You might notice I marked up the Vendor name for Autoart Studio Design in bold in the previous query. I hope it helps you to reveal how this achieves a grouping of members that belong to the same Vendor. The same process applies to all other Vendors.

With these things in place, we can now select our measure on the COLUMNS axis, and put all of our caclulated members in a new set on the ROWS axis to get the required result, which looks something like this:

      
Product Sales
Autoart Studio Design 799642.2199999999
Carousel DieCast Legends 749795.7799999999
...more vendor sales results...
Unimax Art Galleries 971571.68
Welly Diecast Productions 831247.8400000001
You can crosscheck this result with the result we got from querying the sales over our Vendor dimension and you'll notice that they are identical (well, except for the caption, since we're still working with a Product hierarchy here, and not with a Vendor hierarchy). So, this certainly looks like we're on the right track.

Now, if you take a moment to analyze this query you might notice that we didn't really need to explicitly create a named set for each distinct vendor. The only really essential element is the calculated member based on the Aggregate() function, and instead of first creating a named set and then the calculated member that applies the Aggregate() function to it, we could've passed the definition of the set immediately as first argument to Aggregate().

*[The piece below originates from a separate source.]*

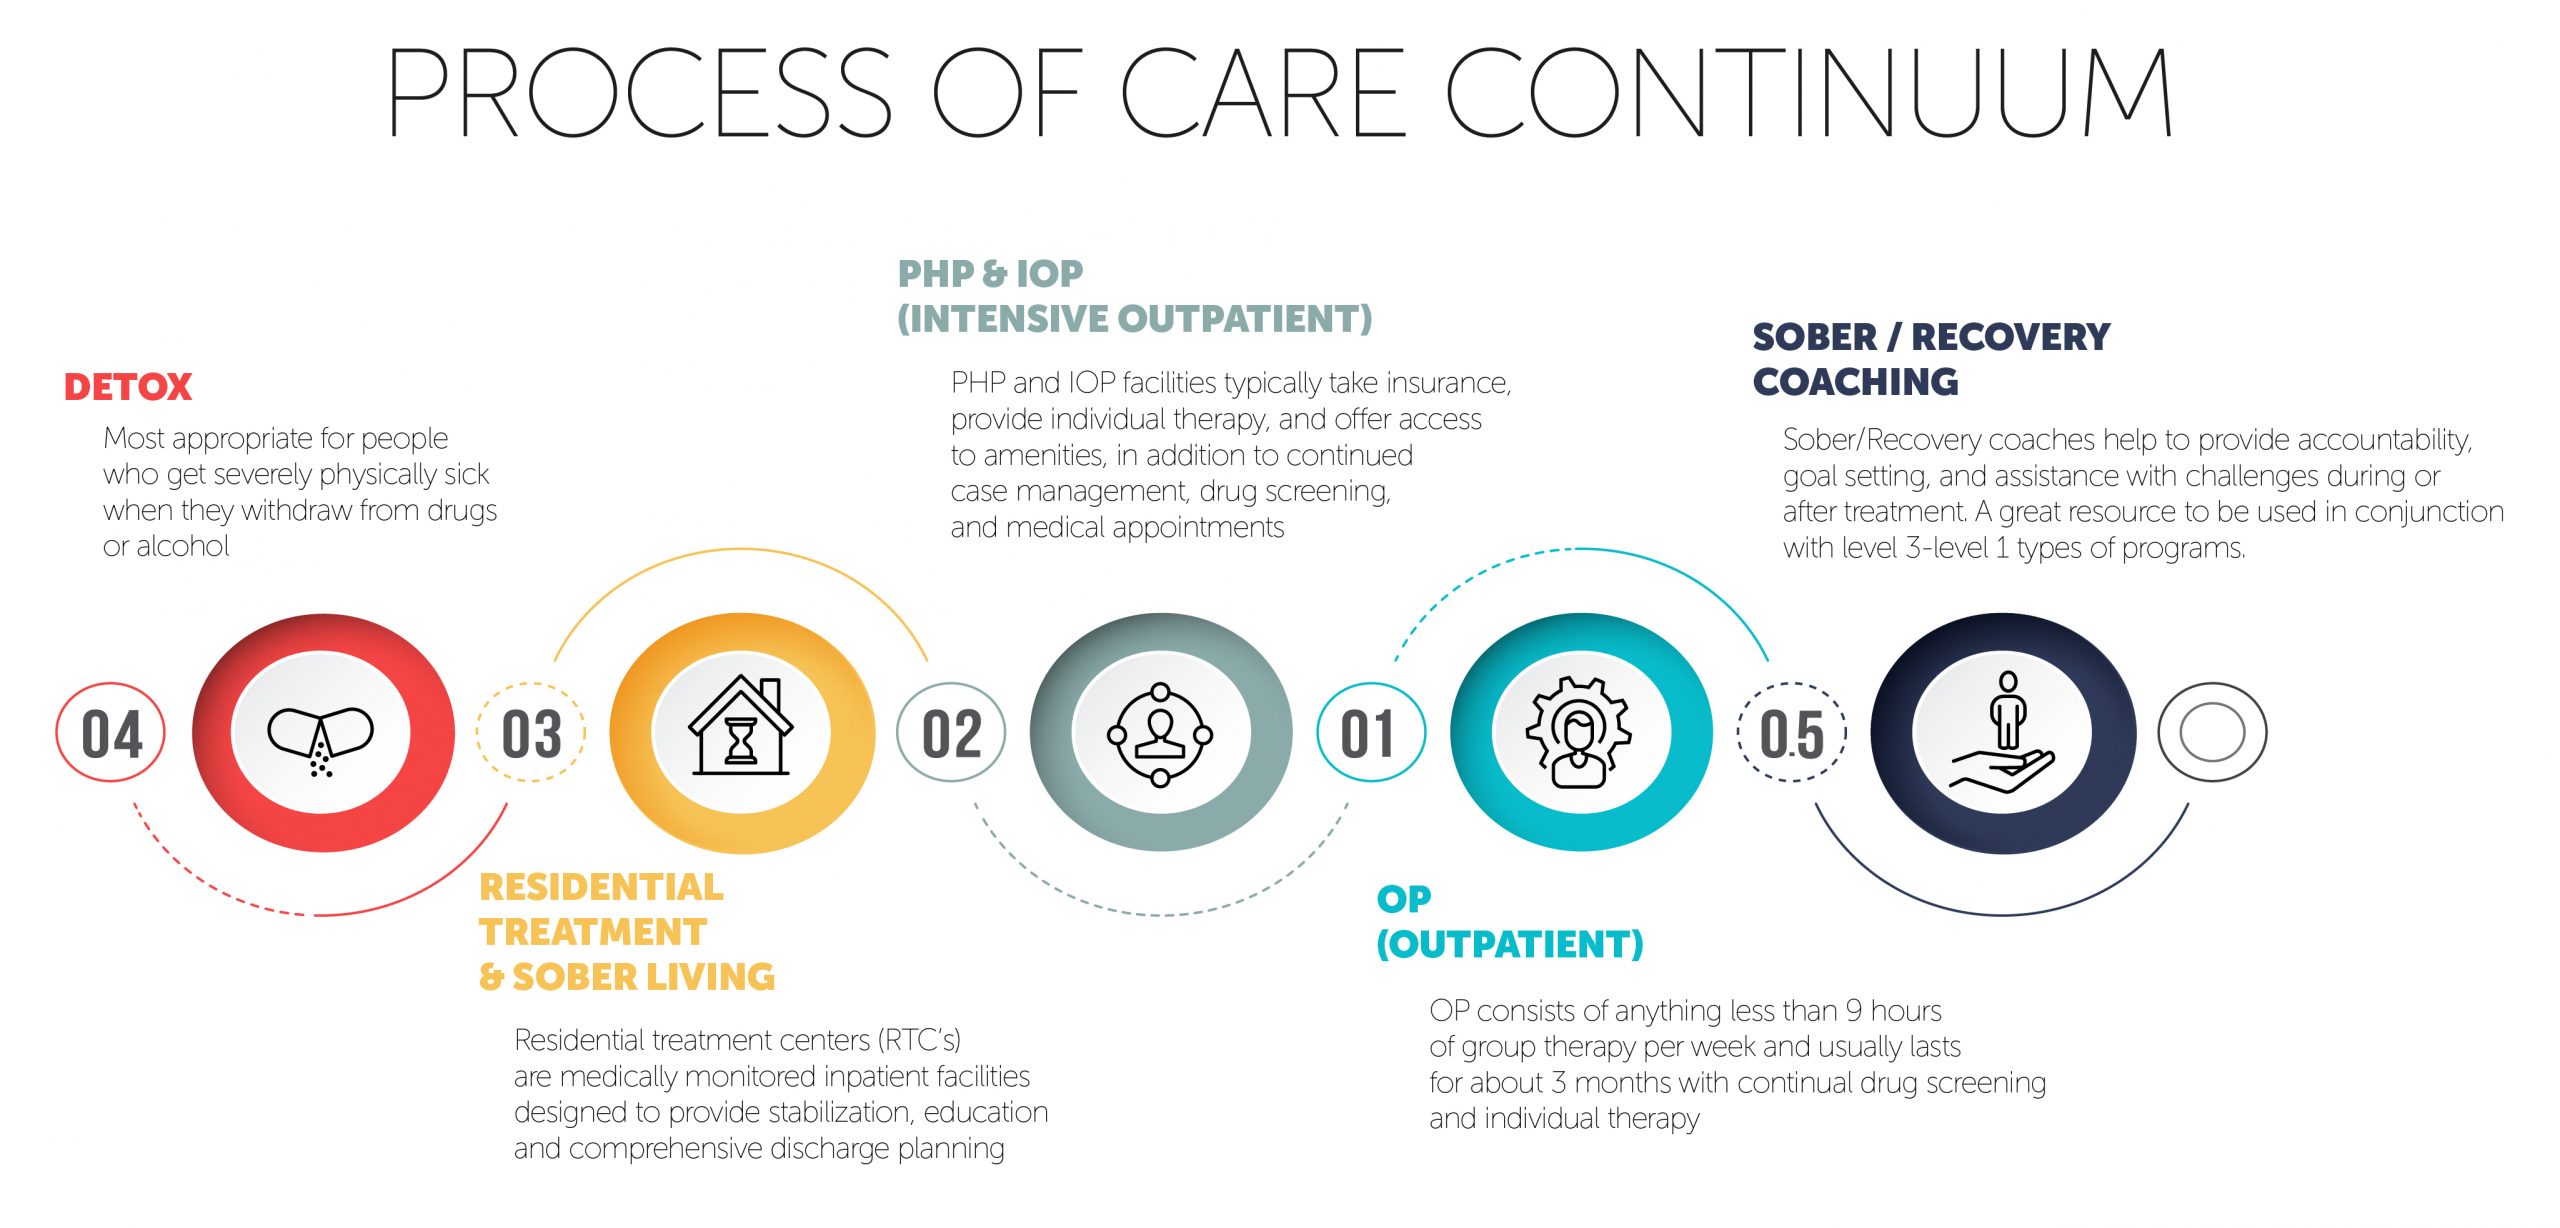 Process of Care Continuum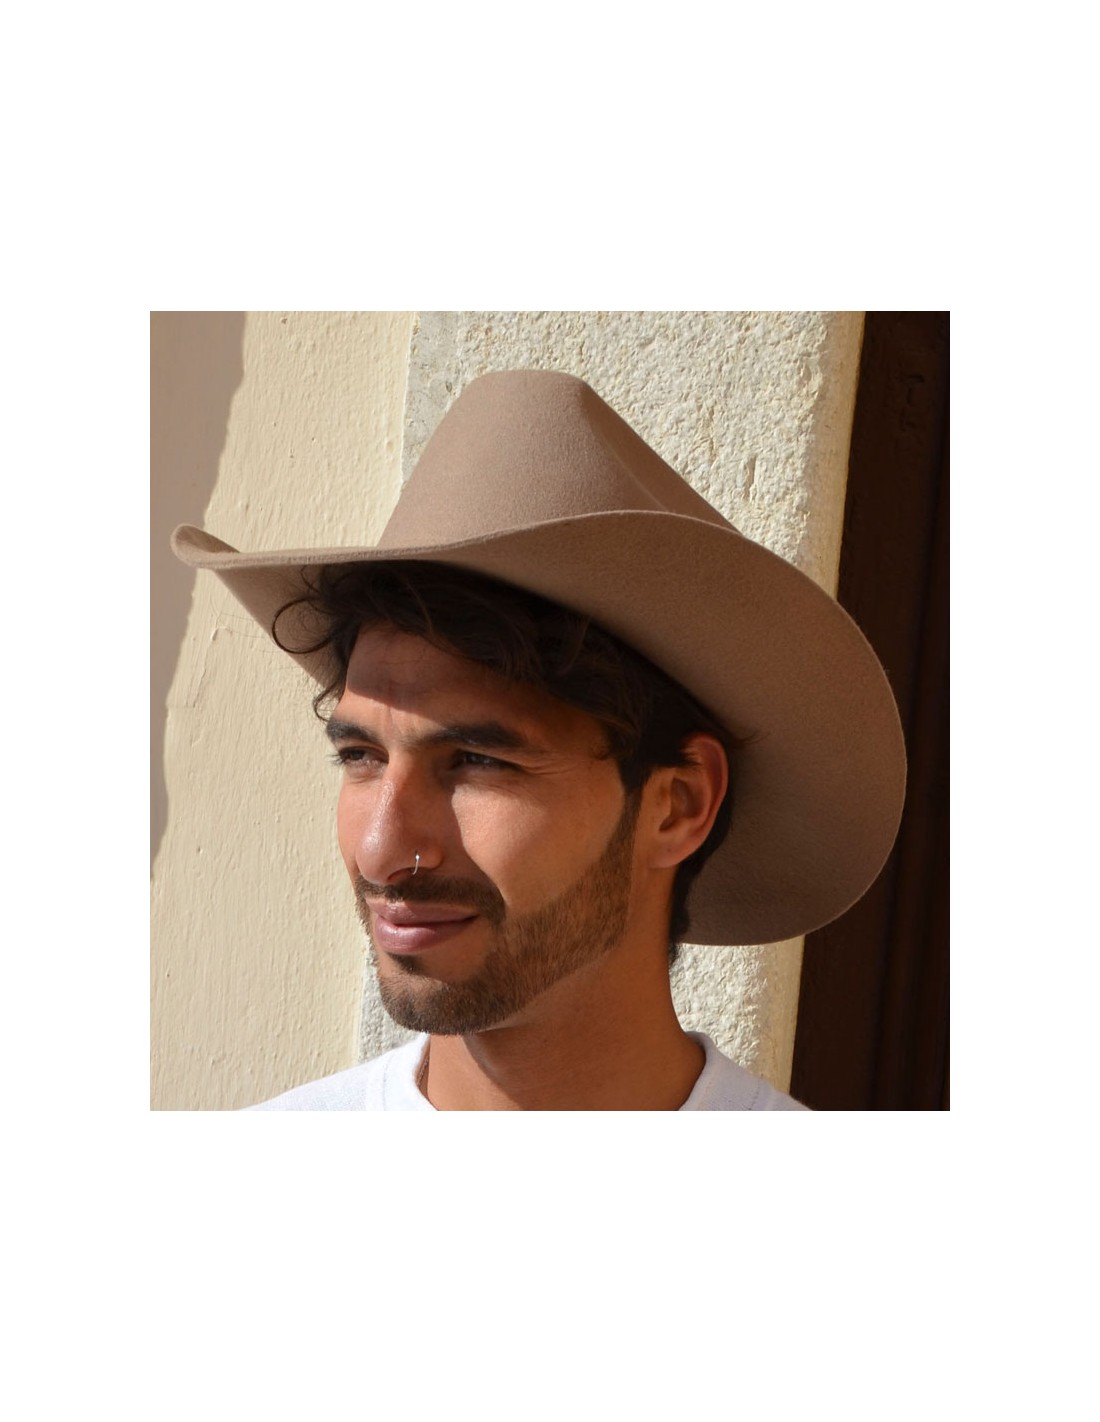  Men's Cowboy Hats - Men's Cowboy Hats / Men's Hats

For example, the calculated member [Product].[Autoart Studio Design] could just as well have been defined as
MEMBER [Product].[Autoart Studio Design] AS Aggregate({
  [Product].[Classic Cars].[Autoart Studio Design],
  [Product].[Motorcycles].[Autoart Studio Design],
  [Product].[Planes].[Autoart Studio Design],
  [Product].[Ships].[Autoart Studio Design],
  [Product].[Trucks and Buses].[Autoart Studio Design],
  [Product].[Vintage Cars].[Autoart Studio Design]
})
That said, the explicitly named sets do help to clarify how the solution works by separating the grouping of the members from the actual aggregation of the measure.

Drawbacks

The obvious drawback to this approach is that it is not dynamic, and thus not flexible. There are at least two glaring sources of inflexibility:
  1. An explicit definition for each group. We only knew which named sets to create because we ran Diethard's original query and looked at the result. We had to manually de-deplicate the Vendor list and create an explicit named set for each of them.
  2. The enumeration of members for each group. Again we had to look at the query result to determine the composition of each named set.
If you're a little bit familiar with MDX, you might've noticed right away that the explicit enumeration of members for each Vendor set could've been written a lot smarter. Once we know the caption of each distinct Vendor, we can construct the named sets dynamically using the Filter() function.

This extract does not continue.